[[ Dataset content, beginning ]]

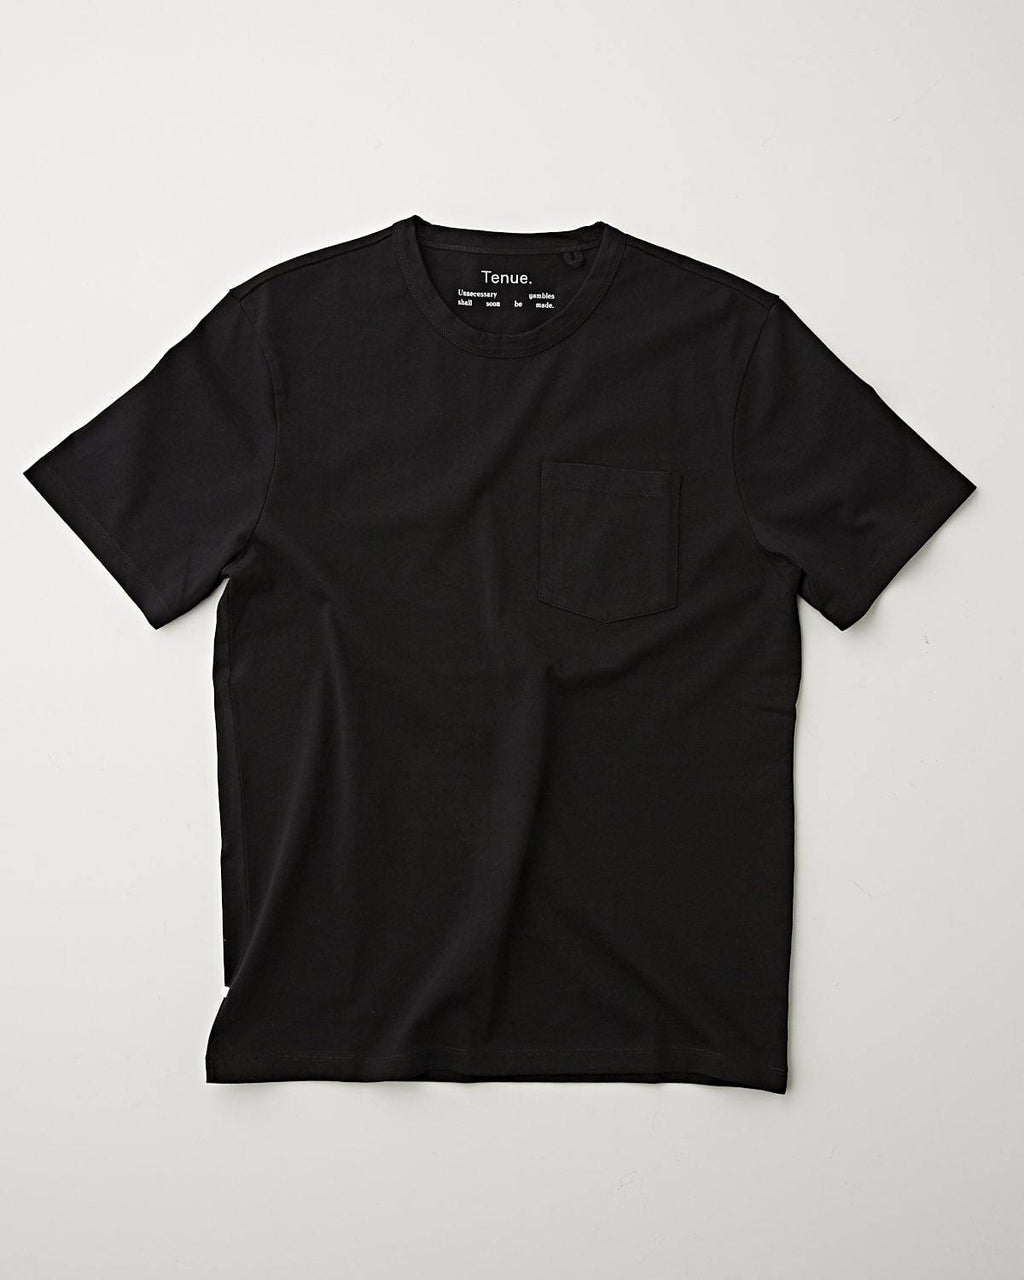 Tenue. John Pocket Tee Black T-shirt S/S Men
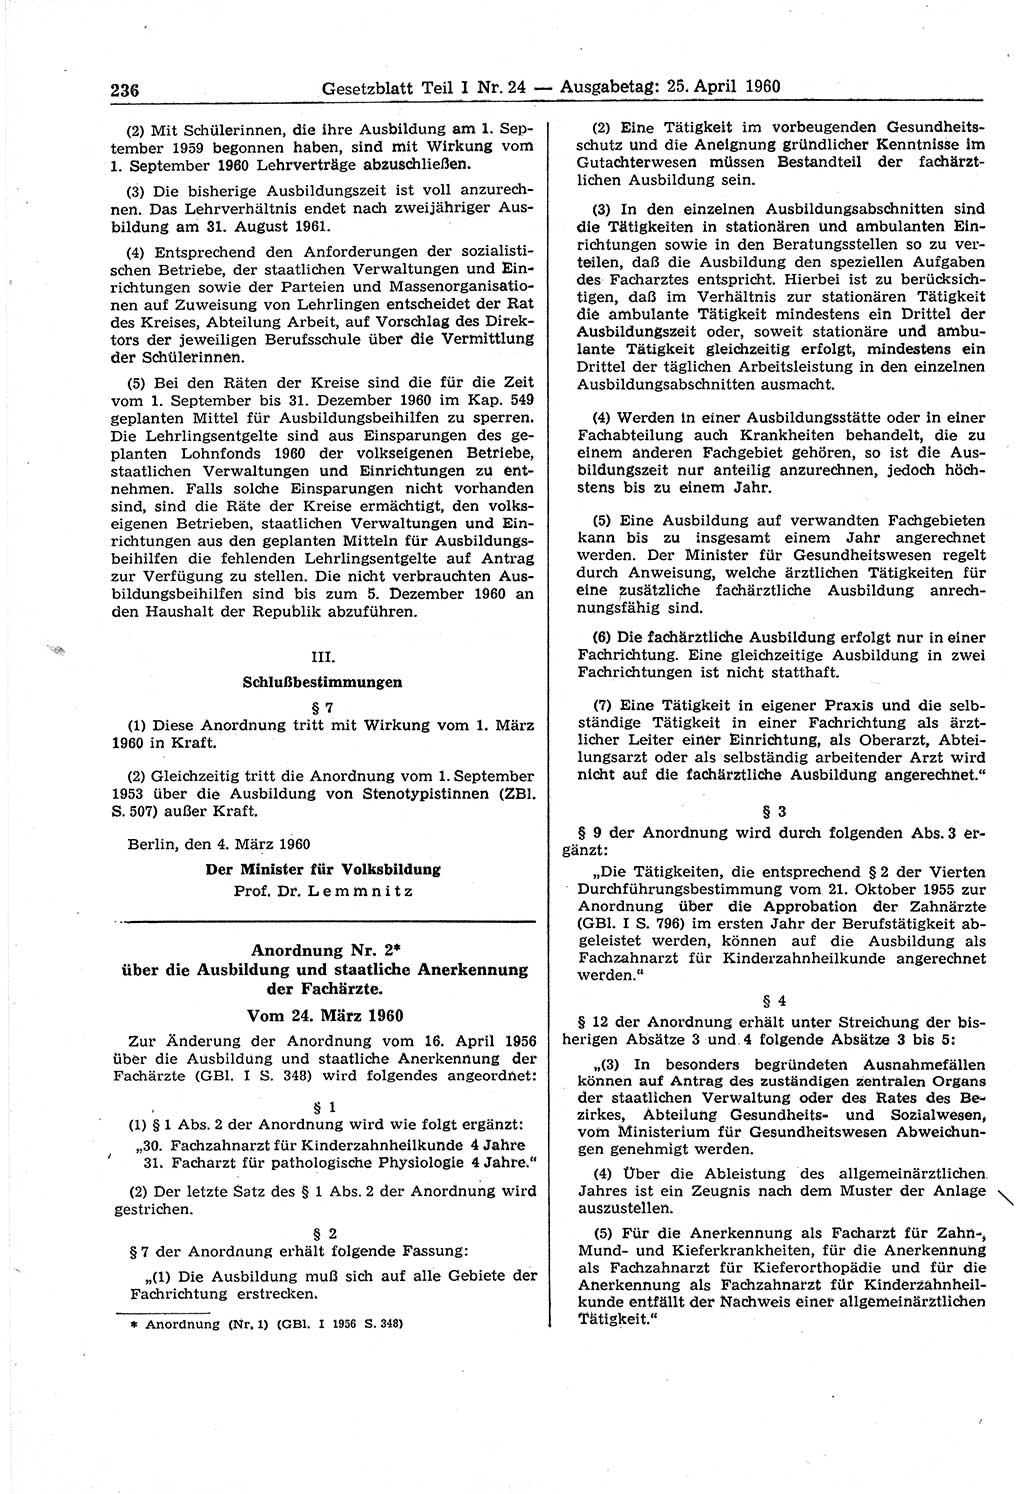 Gesetzblatt (GBl.) der Deutschen Demokratischen Republik (DDR) Teil Ⅰ 1960, Seite 236 (GBl. DDR Ⅰ 1960, S. 236)
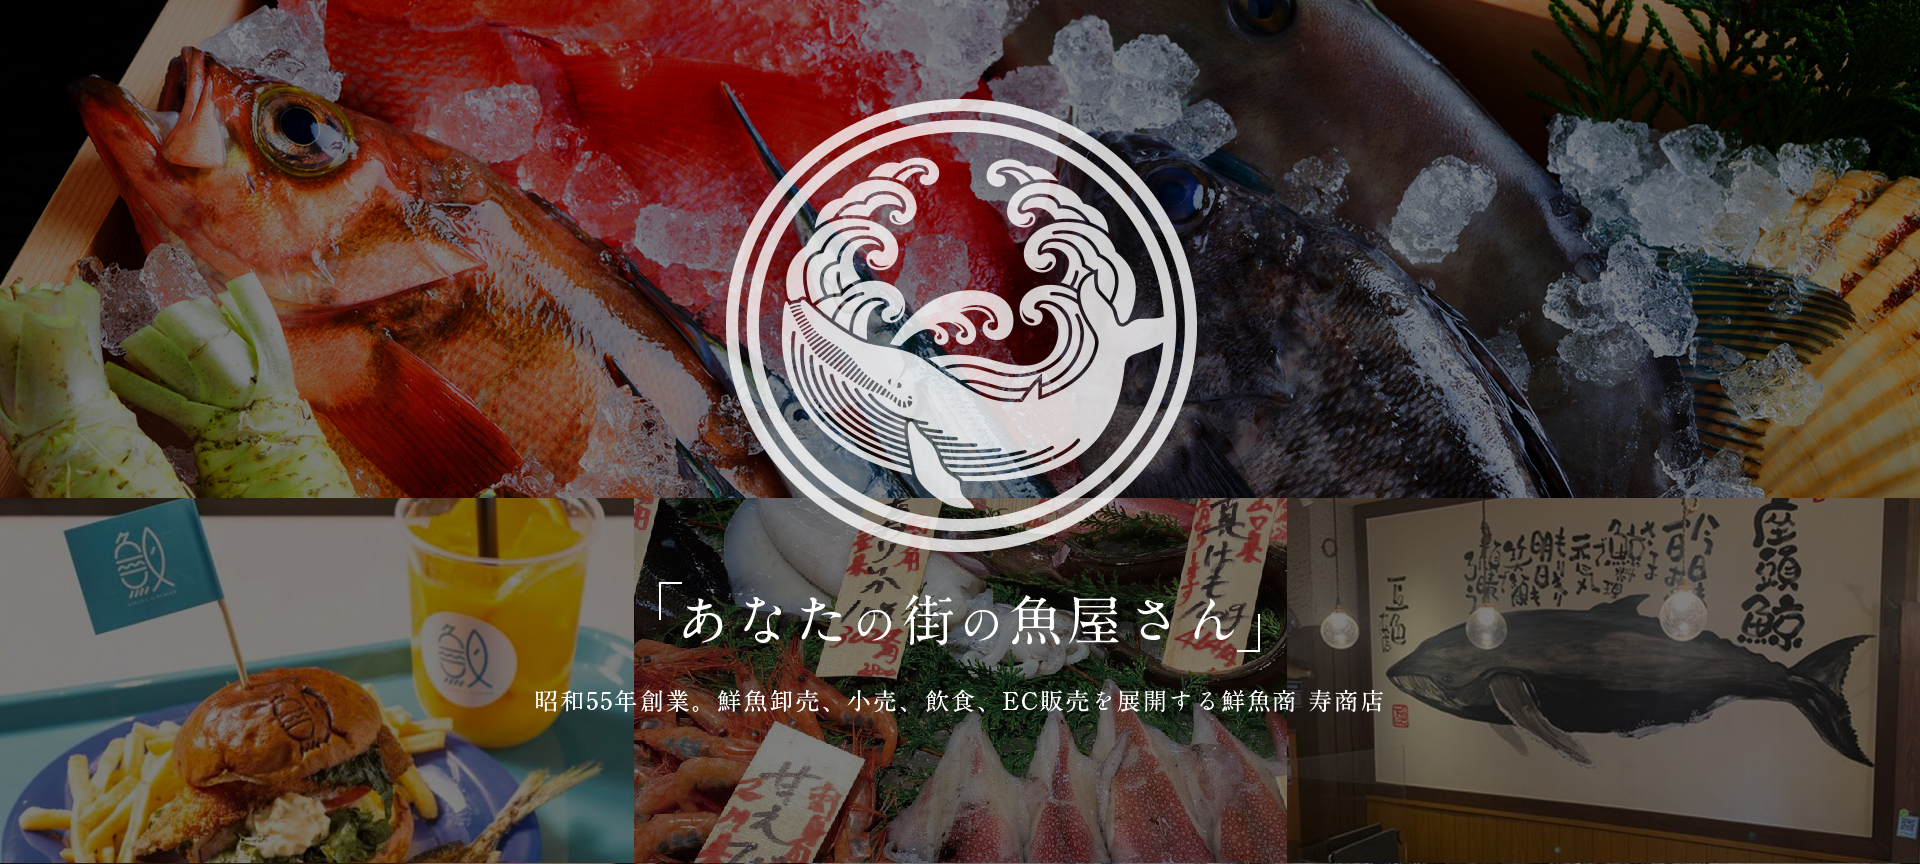 あなたの街の魚屋さん昭和55年創業。鮮魚卸売、小売、飲食、EC販売を展開する鮮魚商 寿商店

[[ Dataset content, end ]]

■ Task description ■
Every line of the material above must be written out exactly, with no pictures.

■ Task result ■
 Tenue. John Pocket Tee Black T-shirt S/S Men
 Gesetzblatt (GBl.) der Deutschen Demokratischen Republik (DDR) Teil Ⅰ 1960, Seite 236 (GBl. DDR Ⅰ 1960, S. 236)
 あなたの街の魚屋さん昭和55年創業。鮮魚卸売、小売、飲食、EC販売を展開する鮮魚商 寿商店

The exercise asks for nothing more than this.